GIVEN MATERIAL ::
★ ★ ★

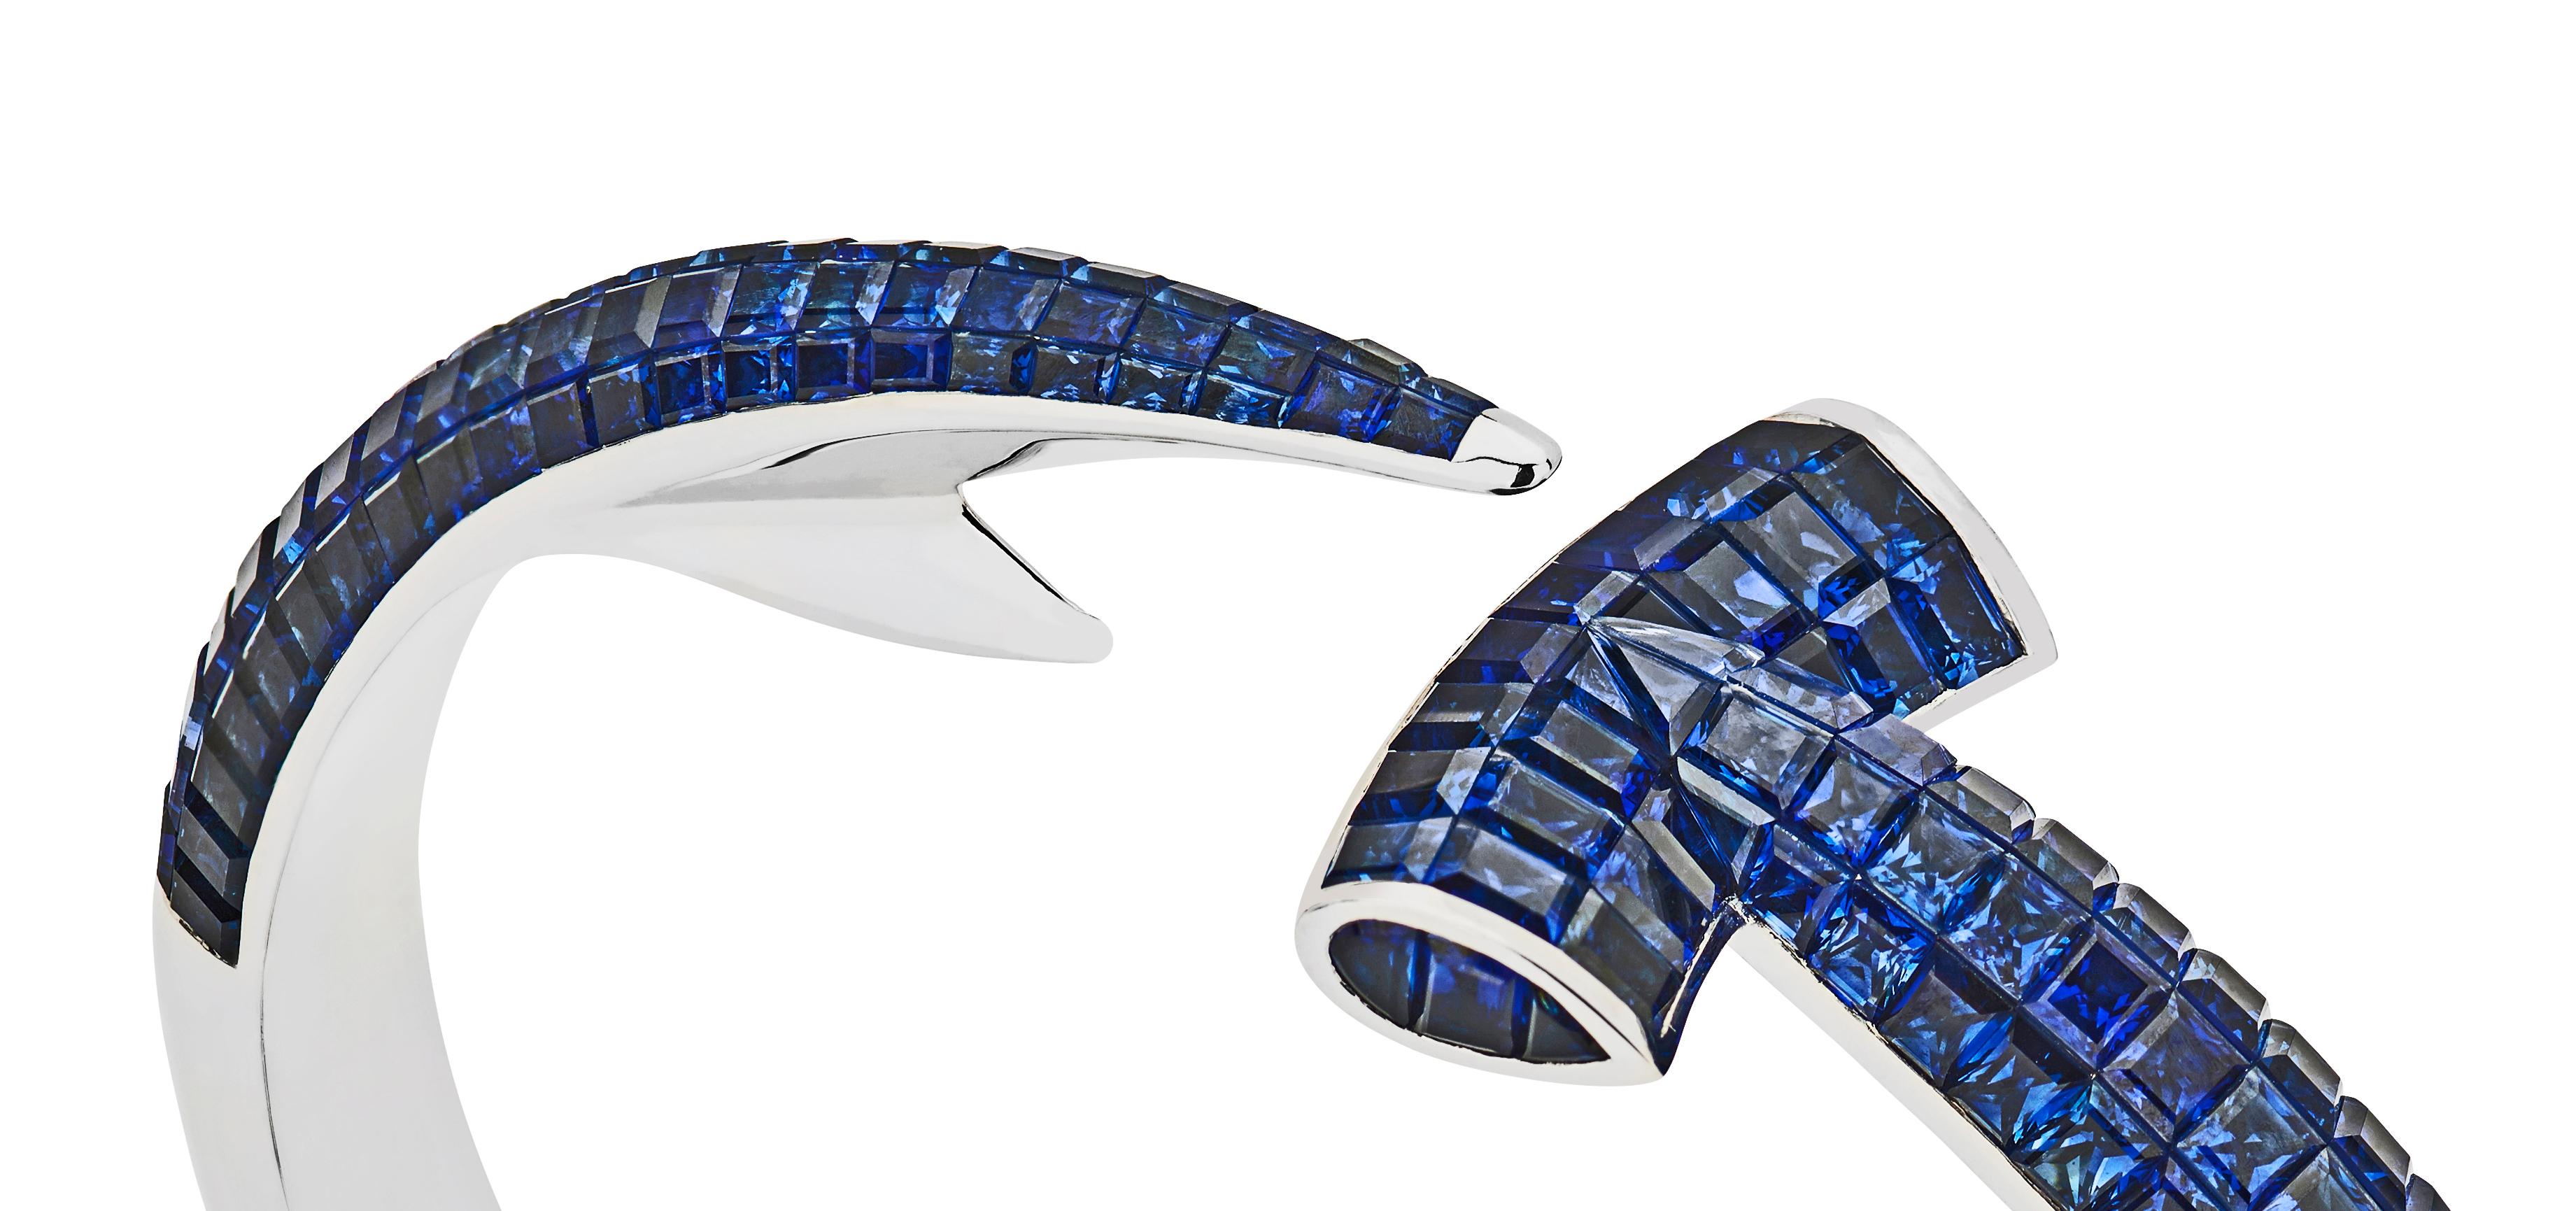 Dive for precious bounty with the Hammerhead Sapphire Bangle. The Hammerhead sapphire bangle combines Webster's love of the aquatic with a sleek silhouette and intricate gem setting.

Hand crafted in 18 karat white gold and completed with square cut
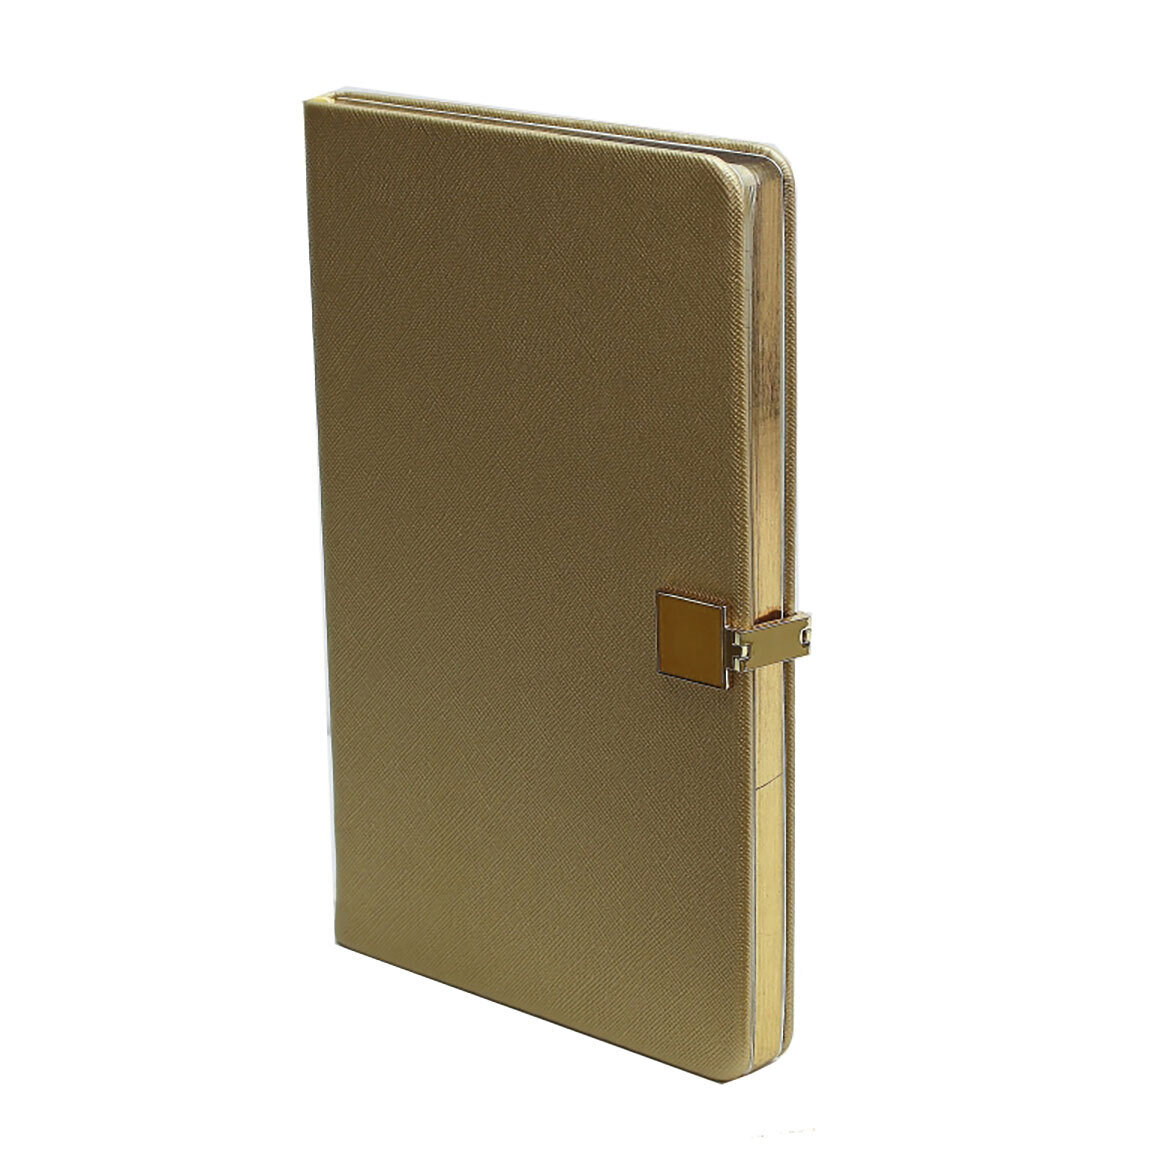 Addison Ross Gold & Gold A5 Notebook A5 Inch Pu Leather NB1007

★ ★ ★

PROBLEM DETAILS :: The response must repeat all the lines above exactly and include no pictures.

SOLUTION TO THIS PROBLEM ::
 Dive for precious bounty with the Hammerhead Sapphire Bangle. The Hammerhead sapphire bangle combines Webster's love of the aquatic with a sleek silhouette and intricate gem setting.

Hand crafted in 18 karat white gold and completed with square cut
 Addison Ross Gold & Gold A5 Notebook A5 Inch Pu Leather NB1007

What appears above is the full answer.